_RAW DATA_:
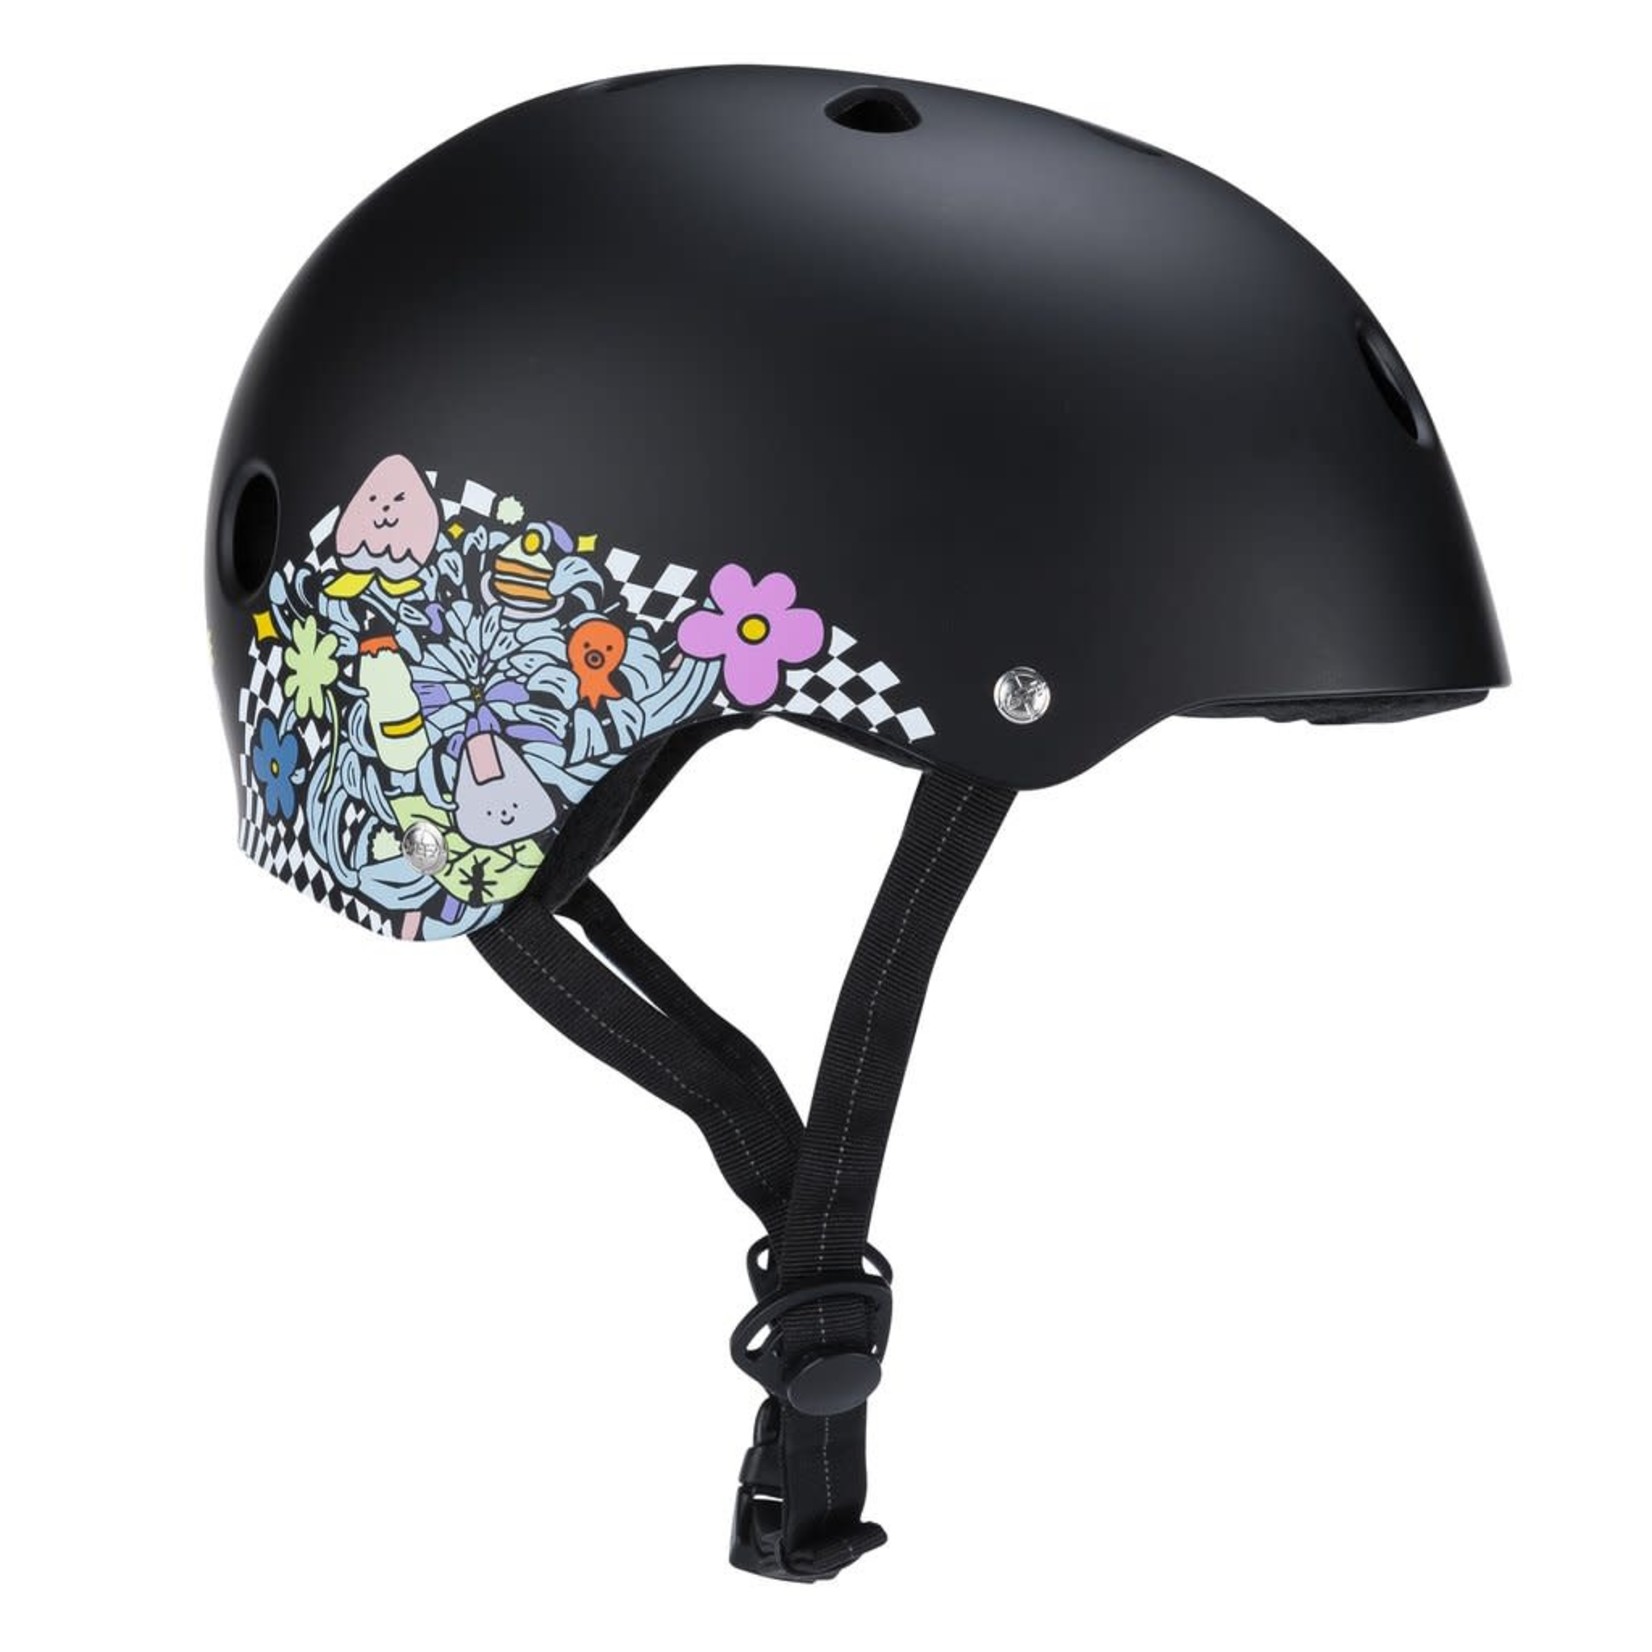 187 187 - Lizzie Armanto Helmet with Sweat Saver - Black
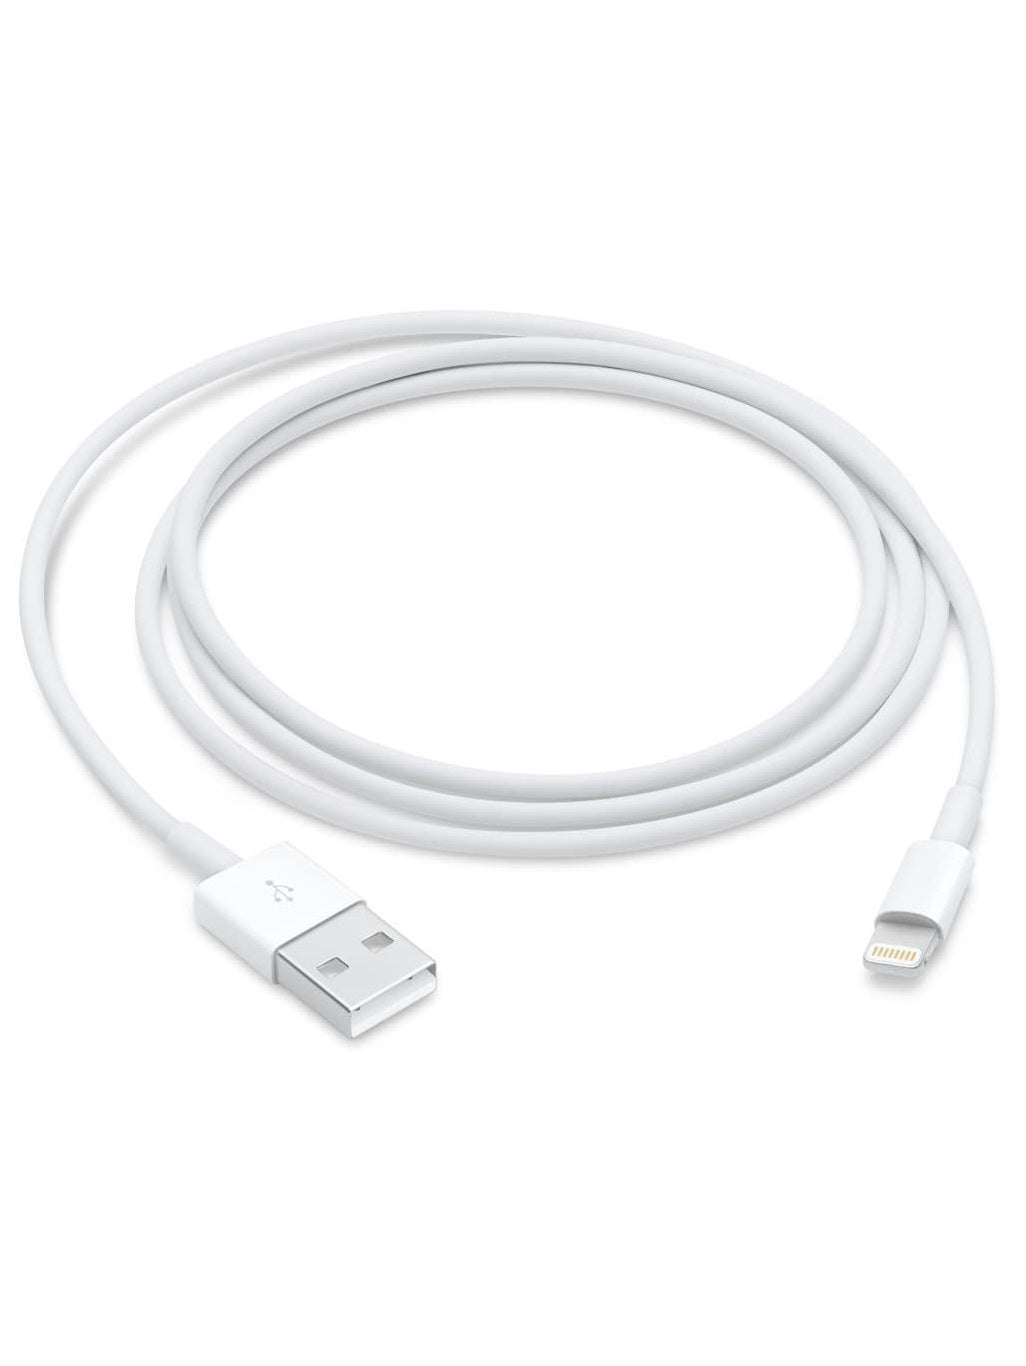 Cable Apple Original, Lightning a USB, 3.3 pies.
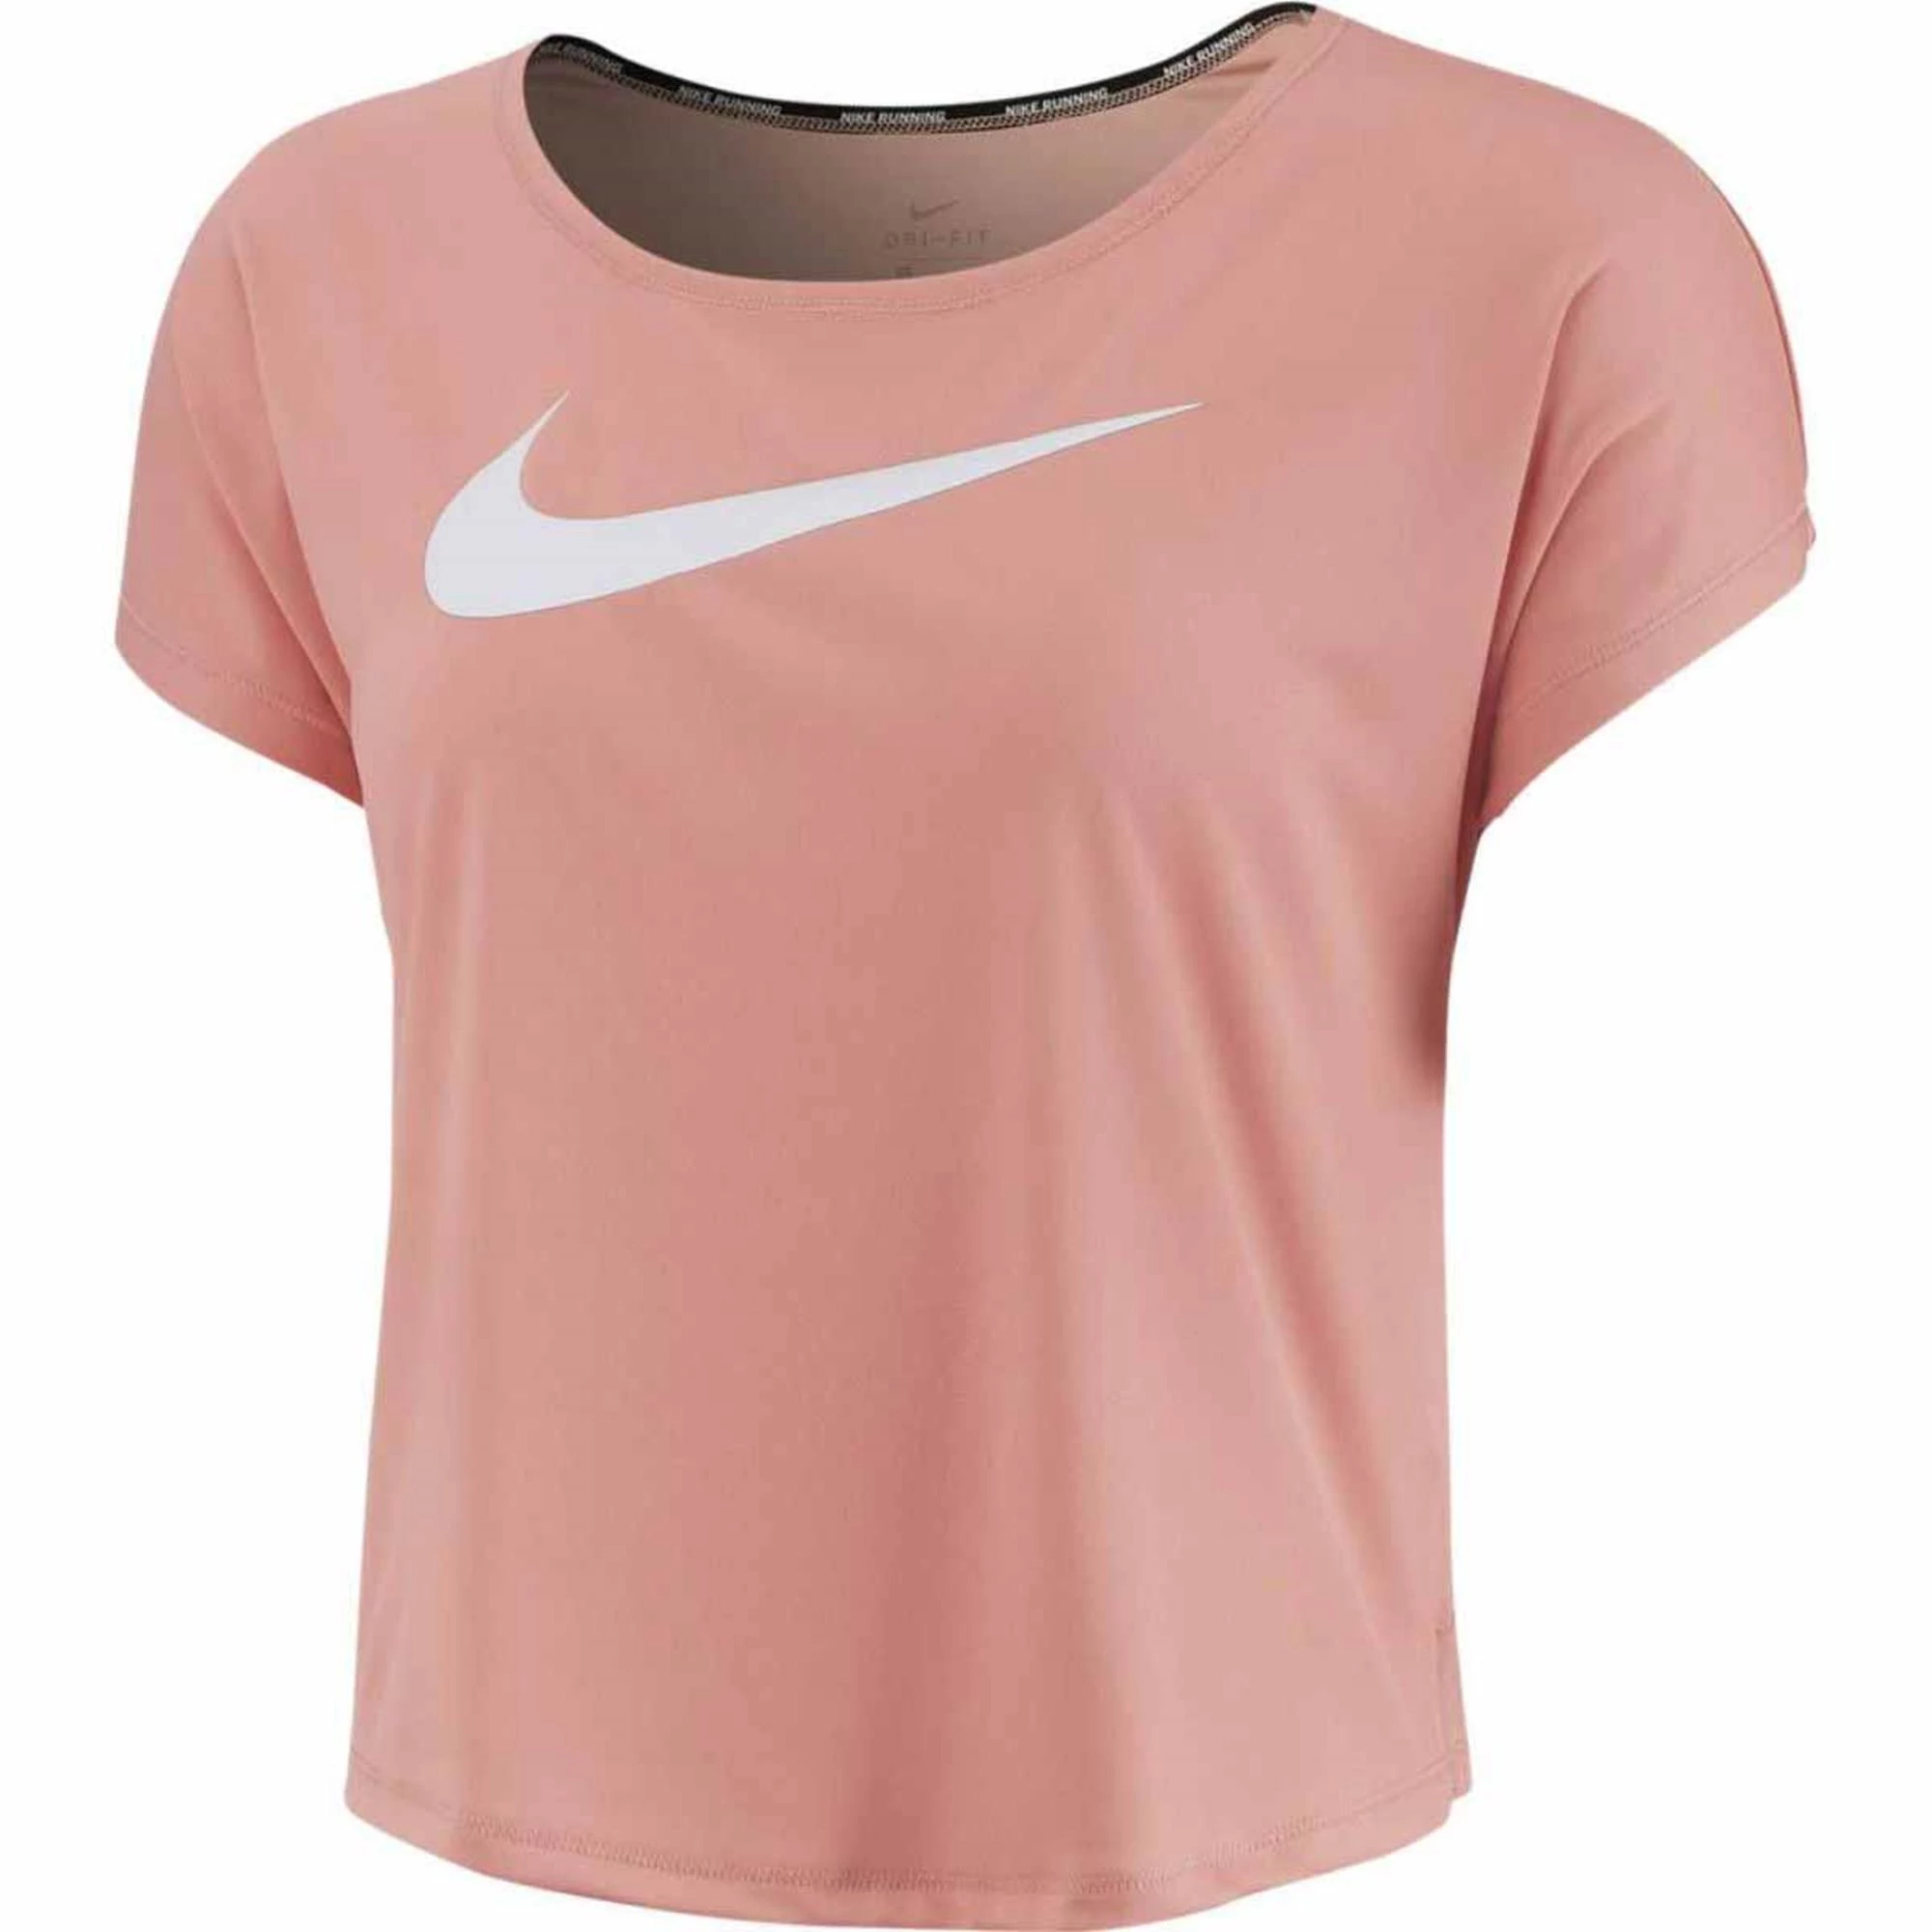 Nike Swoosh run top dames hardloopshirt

_TASK STATEMENT_:
The lines above must be transcribed exactly, with every picture left out.

_TASK RESULT_:
 187 187 - Lizzie Armanto Helmet with Sweat Saver - Black
 Cable Apple Original, Lightning a USB, 3.3 pies.
 Nike Swoosh run top dames hardloopshirt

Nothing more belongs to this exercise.